Krypt3ia

(Greek: κρυπτεία / krupteía, from κρυπτός / kruptós, “hidden, secret things”)

Throwing Out The Baby With The Bath Water: Dave Aitel’s Approach To INFOSEC

with 6 comments

So yeah, a week or so ago I wrote a piece that in the end, kinda said I was retiring from the INFOSEC bitch slapping biz for a while. I went away, I began looking at other interests of mine and relaxing and things were good. Then I saw this article by Dave Aitel “former computer scientist at NSA” on the idea that teaching security awareness is useless.

*blink*

Holy WTF? You have gotta be kidding me I thought and exclaimed out loud! Sure enough though, when I read it, I found myself agog at the idea of tossing awareness out of the water like the baby that Dave seems to be making it into from the old aphorism.

Article here: Why you shouldn’t train employees for security awareness

Dave, how could you be so smart about other things and yet so spectacularly stupid on others I wonder? I mean, all your other points about protections that should be in place in an environment are right on, though, you must realize that many places would need a HUGE re-architecture right to follow many of your ideas to fruition right?

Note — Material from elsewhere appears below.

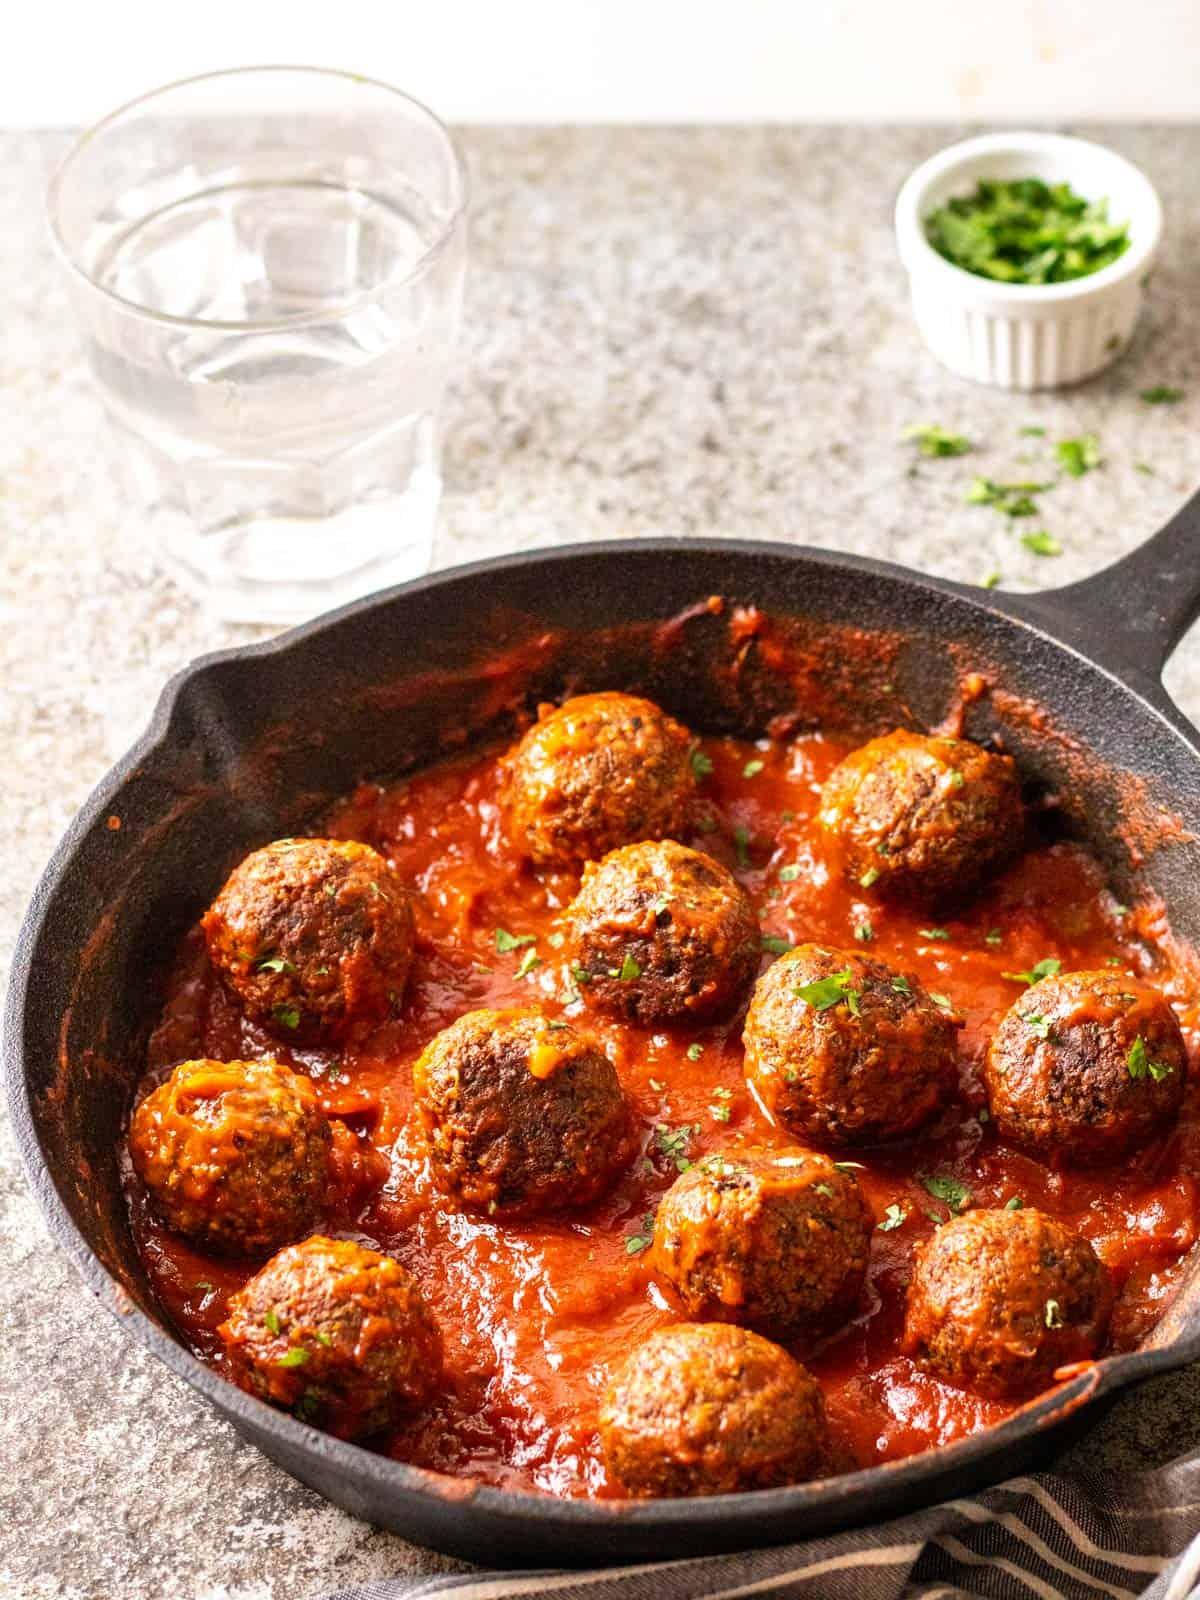 A close up of vegan tvp meatballs in a cast iron pan.

So, right there you have a non starter for many places that indeed would be better suited to have an awareness program.

But I digress…

Look boyo, by using APT as your “examples” of why its a fools errand to teach security awareness to the masses, is just a self serving and exceedingly short sighted means to your end of selling your services methinks. APT attacks like the ones you mention are always possible and do happen to many places, however, they are not the only thing coming in in waves to the employees of the world. There are plenty of other attacks including the SE attacks you speak of. All of these could be lessened in effectiveness and winning the day for the attackers “if” the employees are trained (a key word here trained, not for 4 hours, not one day, but repeatedly on these issues) You don’t send a kid to school to get a diploma for a day do you? No, you send them to 8 friggin years of school to get that diploma and maybe 4 – 8 more for a real education. See the analogy there Dave?

You train employees to protect not only from clicking on links or suspect emails Dave, but you also teach them good ethics, as well as security hygiene that will make your environment just that much better over time. The cumulative effect will help you secure the environment and in tandem with your technical means, make it all the better. This idea of just chucking awareness in the trash heap is useless and more than not, a dangerous idea you are selling to CSO’s and CIO’s who may not be as security savvy as they should be man, and in my book, you are now really treading closely to the “charlatan” status page on Attrition.org in my book.

What’s your next idea man? Outsource security to say India?

Look Dave, I know it’s a dog eat dog world out there today but really, cutting this cost as a sales pitch in CSO magazine? And such an epically bad idea too? Geez, I mean I thought BYOD was a bad idea, but it seems you would advocate not only that but also that you don’t demand that the end user devices be scanned for malware too huh? Security awareness is a process and human nature, as I have written about it here before, are hard things to control, but, without at least trying, you are opening up just another avenue of attack even with mitigations like the ones you pose in your article. What’s even more egregious is that you seem to think that awareness costs a lot of money? What? In DIB partners I have been in you just have the security team teach the recurring sessions as well as intakes. Then you have recurring online training that is done in house, it’s really not a bank breaker man. So, who the hell is spending gobs of money on it anyway if they are smart about it, and, if they are doing it at all.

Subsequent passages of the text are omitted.